As a member of the Florida Bar Association for the past 50 years, and a full time advocate for regenerative medicine for more than 20 years, Siegel has some strong views on why these laws have started to appear.
“It’s important to realize that these bills are untested, and while each bill can be considered as progress, I think they also highlight the issue of the overall reforms that need to be made,” he says. “That is, to have all regulatory systems modified to keep up with the technologies that we have today. That’s the root of a lot of problems in the field.”
New regulation needed
To illustrate his point, Siegel refers to an article in Regenerative Medicine written in 2011 by UCL professor Chris Mason, which described cell therapy as a key “pillar” of healthcare.
“The other pillars of healthcare – pharmaceuticals, biologics and medical devices – already had infrastructure built-in, but cell therapies did not – no reimbursement, no special guide,” he says. “So, if you’re going to jam all cell therapies under the same rules as biologics, nothing could get through the rigorous clinical trials and massive expense. We needed laws to keep up with innovation, and we didn’t have them.”
Fast forward to today and Siegel feels the situation hasn’t changed much – certainly not at the federal level.

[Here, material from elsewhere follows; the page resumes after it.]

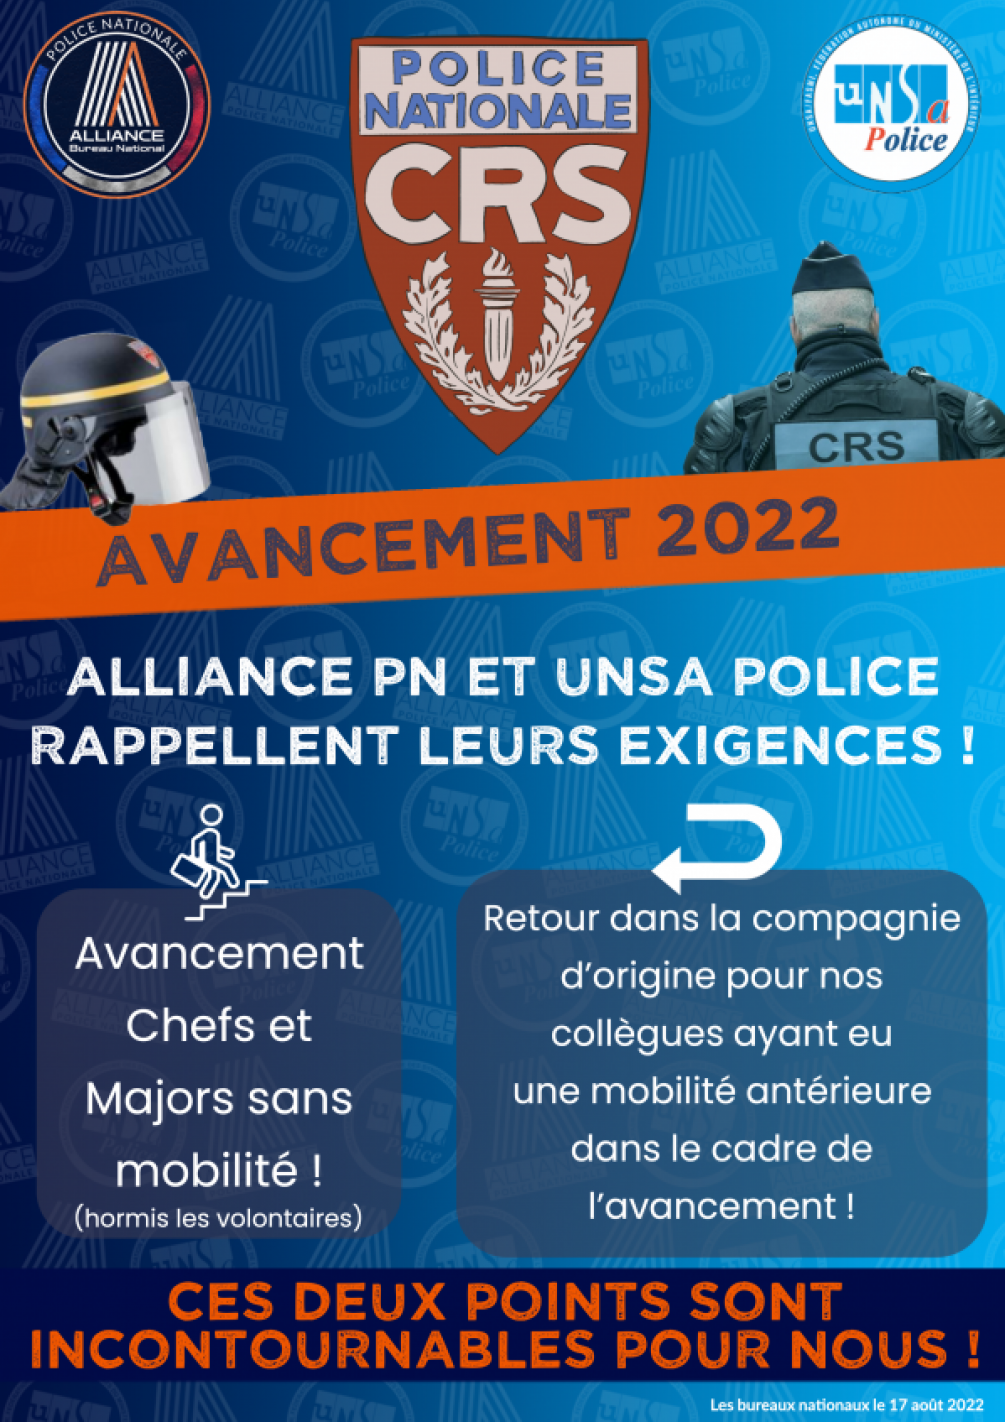 Alliance UNSA CRS Avancement 2022

“The Healthspan Action Coalition has 275 member organizations cross sector, but there’s a huge frustration that our systems are broken down and have not taken advantage of the opportunities of innovation,” he says. “We are already overwhelmed with innovation, and emerging technologies like AI and data and analytics are going to explode things further. We need our regulatory systems to be able to keep up with it all.”